Não é preciso lermos os resultados dos últimos estudos nem das últimas investigações ou sondagens que têm sido realizadas em torno desta temática para sabermos que, nos últimos anos, houve um crescimento exponencial no uso e na exposição a ecrãs (televisão, telemóveis, tablet, consolas) pelas crianças. Basta olharmos à nossa volta e, facilmente, nos apercebemos do que se está a passar.
Relativamente a esta situação, que ocorre cada vez mais precocemente, será que temos a verdadeira noção do impacto que este excesso pode ter no desenvolvimento da criança?
As consequências do excesso e da exposição precoce aos ecrãs em idade pediátrica já se encontram descritas e são conhecidas por todos nós, nomeadamente: no sedentarismo ( a criança passa mais tempo “parada” à frente dos ecrãs o que reduz, significativamente, a sua atividade física), na obesidade (a exposição a ecrãs está associada a um aumento significativo no índice de massa corporal e a um maior risco de obesidade na infância e adolescência), na qualidade do sono (não só pelo tipo de conteúdos visualizados que são, muitas vezes, estimulantes, como também pela própria luz emitida pelos ecrãs que inibe a produção de uma hormona importante na regulação do sono; para além disso, as crianças perdem a noção do tempo que estão nos ecrãs, o que interfere com a hora de deitar e, consequentemente, com a hora de acordar), na visão (há evidências de que a exposição excessiva e prolongada aos ecrãs está associada a visão desfocada, sensação de olho seco, dores de cabeça e irritabilidade; acredito que, muitas vezes, estas queixas não são sequer reportadas aos pais pela própria criança), no desenvolvimento (os estudos e as investigações demonstram a existência de uma estreita relação entre a exposição excessiva aos ecrãs e a existência de atrasos cognitivos, de linguagem e alterações comportamentais nas crianças; referem ainda que, quanto mais precoce e prolongada é a exposição, maior é o risco de atrasos no desenvolvimento) e nas relações interpessoais (o excesso do uso de ecrãs tem impacto direto na relação pais-filho, pois interfere no tempo de brincadeira e de convívio entre os mesmos, o que se reflete, de forma negativa, no desenvolvimento da criança ; não menos importante, é também de salientar que surgem, muitas vezes, decorrentes desta situação, conflitos entre pais e filhos, o que leva a um desgaste da sua relação e, consequentemente, uma comunicação pouco saudável entre eles).
No que toca a crianças pequenas, até aos 6 anos de idade, existe, ainda, outra agravante ao uso excessivo, precoce e prolongado de exposição aos ecrãs e à qual pretendo dar especial atenção: a aquisição e o desenvolvimento da linguagem oral e da fala, nestas condições, podem ficar seriamente comprometidos.
Quando a criança está exposta a ecrãs, está a ouvir e a consumir, maioritariamente, de forma passiva, os conteúdos que nele estão a passar – tudo acontece aos seus olhos, sem que tenha de ter qualquer tipo de intervenção no que está a ver.
Há diversos programas e aplicações que se designam como educativos com as quais as crianças podem, efetivamente, apreender alguns conhecimentos em concreto (nomes das letras, dos números, das cores, de objetos, de personagens, etc).

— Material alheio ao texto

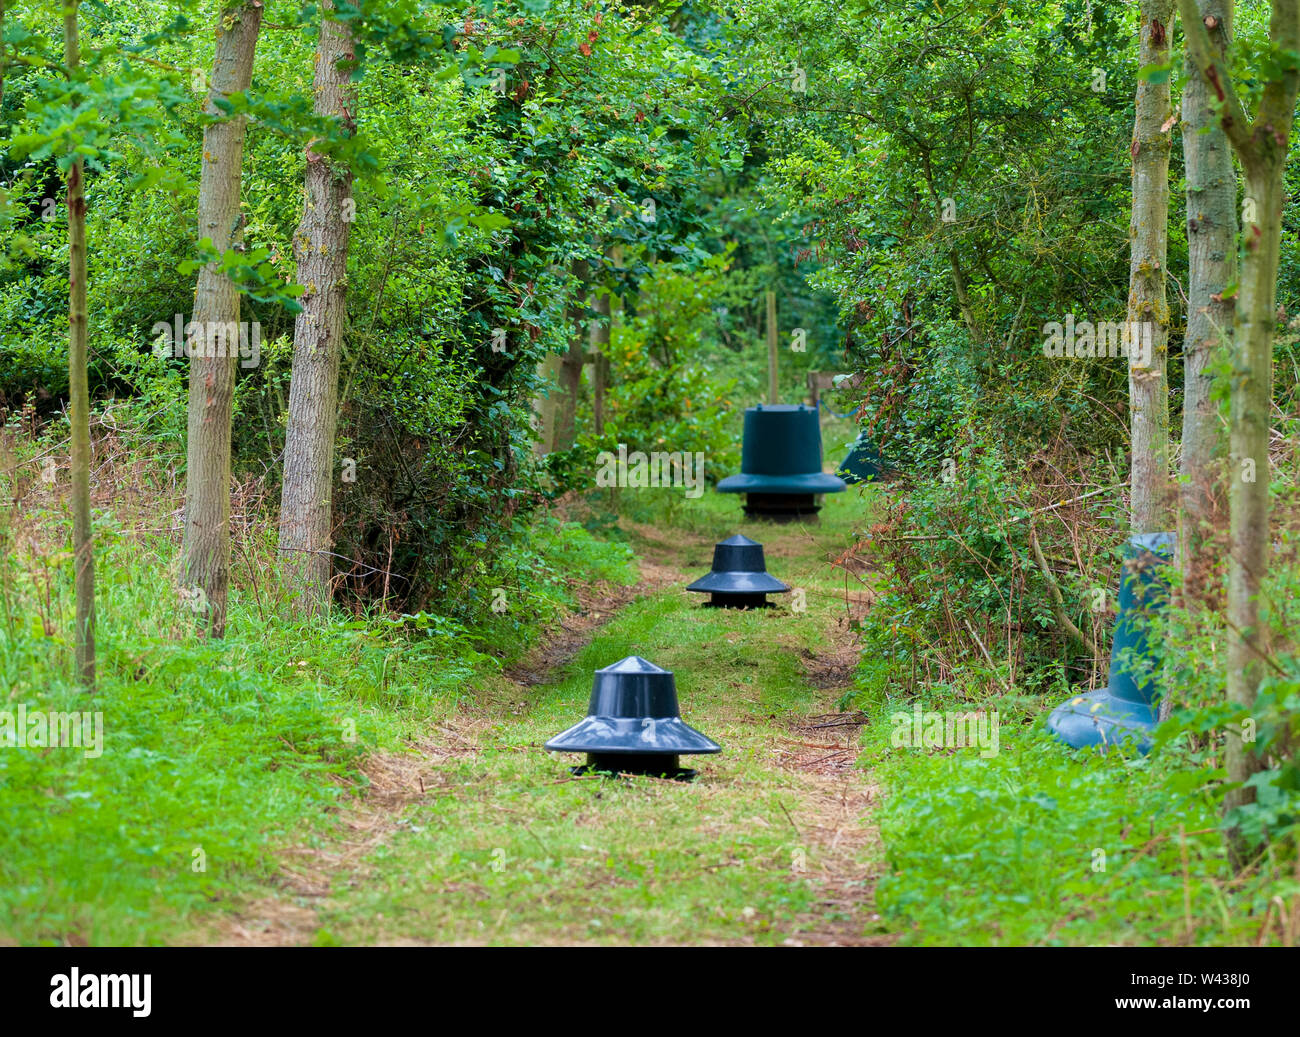 Zuführungen für Fasane, Rebhühner und federwild von einem wildhüter verwendet saß in einer Fütterung Reiten im Wald auf einem traditionellen Immobilien schießen in England Stockfoto

Outros, apresentam atividades em que é solicitado à criança que pense na resposta correta para determinada situação e/ou contexto e, outros, em que é dado tempo à criança para ela responder a questões que lhe são colocadas face a determinado contexto criando, assim, uma espécie de diálogo. Mesmo nestas circunstâncias, em que há uma preocupação em haver algum tipo de iniciativa/resposta por parte da criança, as investigações manifestam preocupação quanto ao impacto negativo da sua exposição aos ecrãs.
Não obstante o que esses programas e aplicações podem ter de positivo na aprendizagem de alguns conhecimentos pela criança, é preciso ter bem presente que nada substitui a presença de outro interlocutor no desenvolvimento da comunicação, da linguagem oral e da fala da criança. É na interação com o outro, no diálogo, na brincadeira que todas estas competências se desenvolvem.

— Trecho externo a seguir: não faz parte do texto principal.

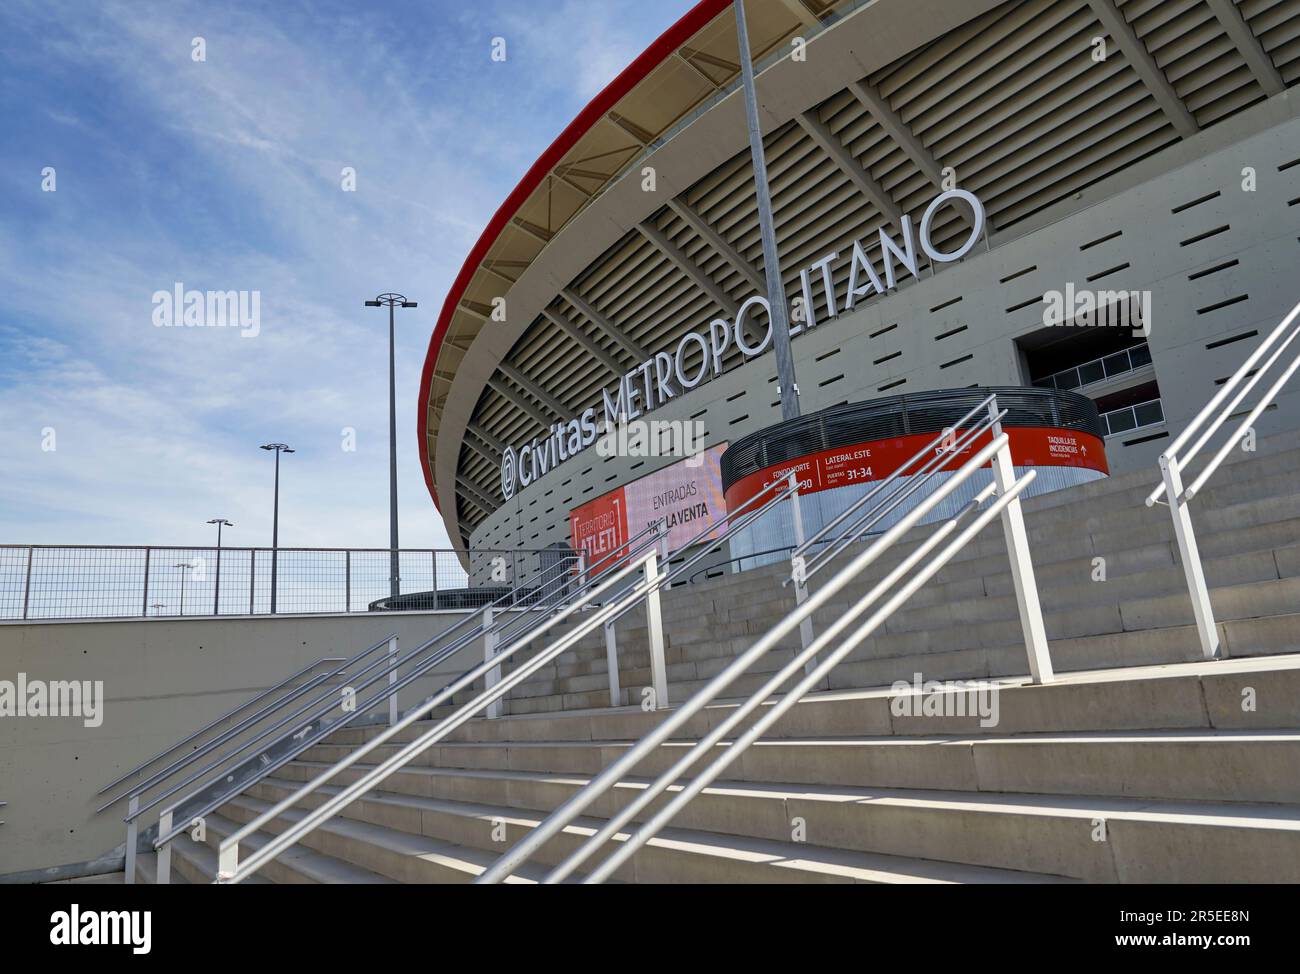 Vista sulla moderna arena Civitas Metropolitano - la sede ufficiale del FC Atletico Madrid Foto Stock

Ao contrário do que acontece na comunicação, em que há uma troca de mensagens e uma interação com outro interlocutor, quando a criança está nos ecrãs, nada disto existe. A oportunidade da troca de turnos de conversação, o desenvolvimento das habilidades sociais presentes no acto comunicativo, o desenvolvimento da empatia, o olhar para o outro e perceber toda a sua comunicação não verbal, presente na expressão facial e corporal… Todas estas competências ficam comprometidas quando se “entrega” o desenvolvimento da linguagem aos ecrãs.
Sabemos que é durante os primeiros anos de vida de uma criança que ocorrem aprendizagens muitos importantes e significativas que, quando comprometidas, podem ter repercussões futuras. Cabe-nos a nós, adultos, ter a consciência de que o uso excessivo de ecrãs tem um impacto negativo no desenvolvimento das crianças e, como tal, adotar medidas para limitar esse tempo de exposição, por forma a não interferir no seu desenvolvimento, especialmente até aos 6 anos de idade.
Que tenhamos também presente que, em qualquer idade, o tempo de exposição aos ecrãs, quer seja excessivo ou não, é tempo retirado à brincadeira, ao convívio com os outros, à leitura, ao descanso, ao estudo, à aprendizagem e a comportamentos saudáveis.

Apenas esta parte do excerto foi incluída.